The origins of the first and second dorsal fins lie over the latter half of the pelvic fins and the midpoint of the anal fin respectively. The dorsal fins are roughly triangular with blunt apexes, with the first slightly larger than the second. The large, wide pectoral fins have rounded corners. The pelvic fins are of moderate size; the claspers of mature males are extremely long, reaching past the origin of the anal fin, and have patches of hooks on the underside. The base of the anal fin measures around 11-13% of the total length, about equal to the distance between it and the pelvic fins. The caudal peduncle is compressed from side to side, and leads to a low caudal fin with a small lower lobe and a ventral notch near the tip of the upper lobe. The dermal denticles are small and overlapping, each bearing a median ridge and three marginal teeth. A saw-like crest of enlarged denticles is present along the anterior portion of the dorsal caudal fin edge. Adults are a plain dark gray above and off-white below. The trailing margins of the dorsal and pectoral fins are edged in white, and the pelvic and anal fins are dusky. The inside of the mouth is light gray. Juveniles have faint darker saddles below each dorsal fin, and a few more on the caudal fin.

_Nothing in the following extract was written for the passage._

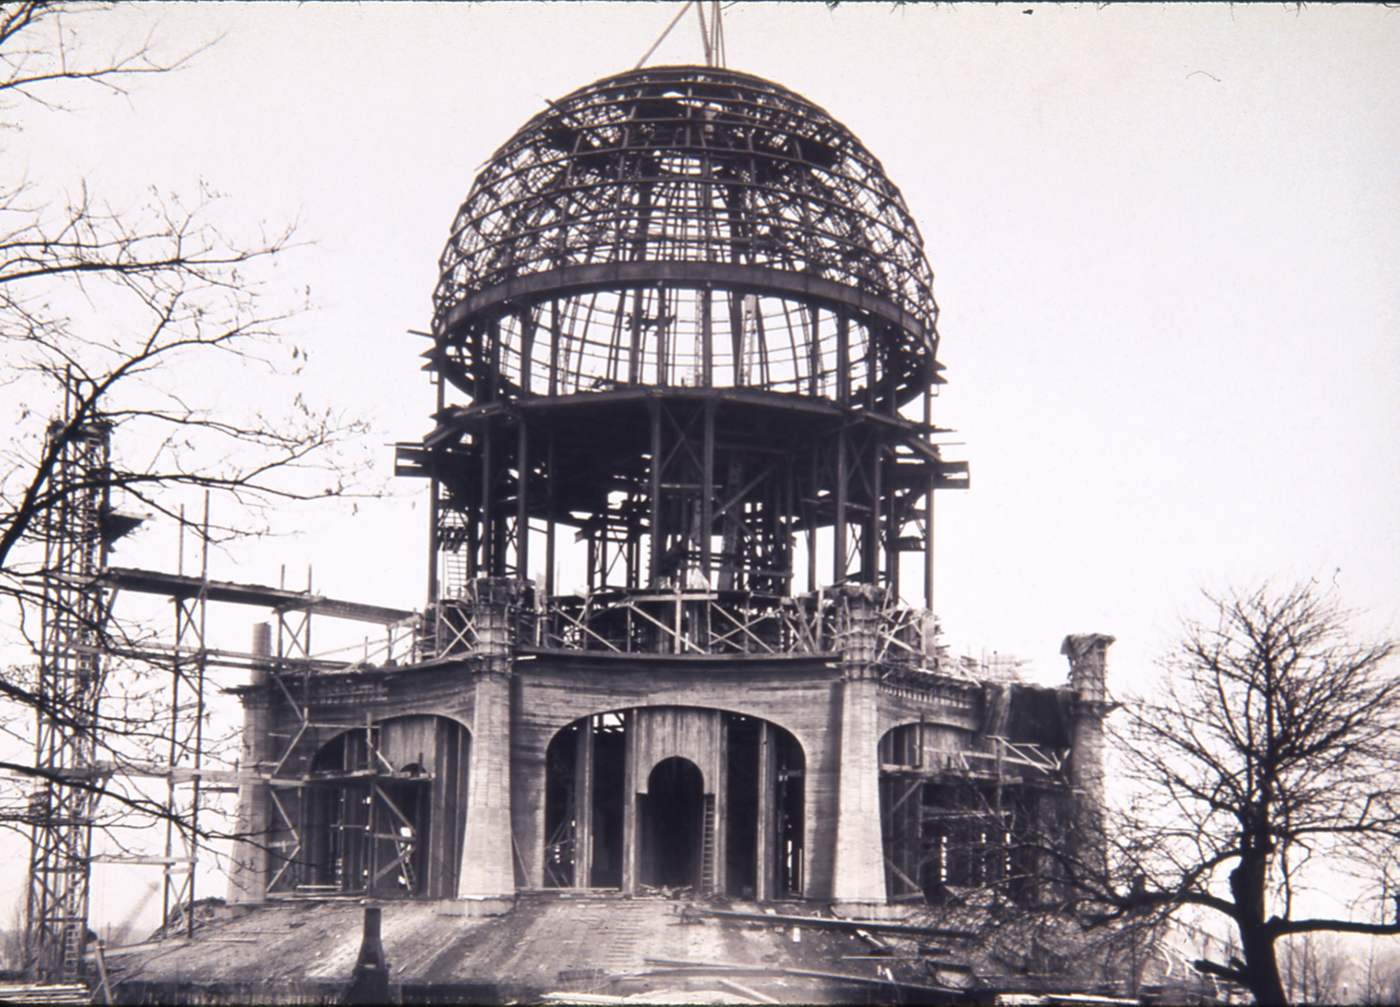 Construction of the Bahá’i House of Worship in Wilmette, Illinois, north of Chicago. Photo: Courtesy of the US Bahá’í National Center

Sharks from Amami Ōshima have faint grayish spots under the pectoral fins.

==Biology and ecology==
Virtually nothing is known of the natural history of the longnose sawtail catshark. Males and females mature sexually at around 66–71 cm and 68–78 cm long respectively.

==Human interactions==
While specific data is lacking, the longnose sawtail catshark is likely taken as bycatch in deepwater trawl fisheries. The International Union for Conservation of Nature (IUCN) has listed it as Least Concern.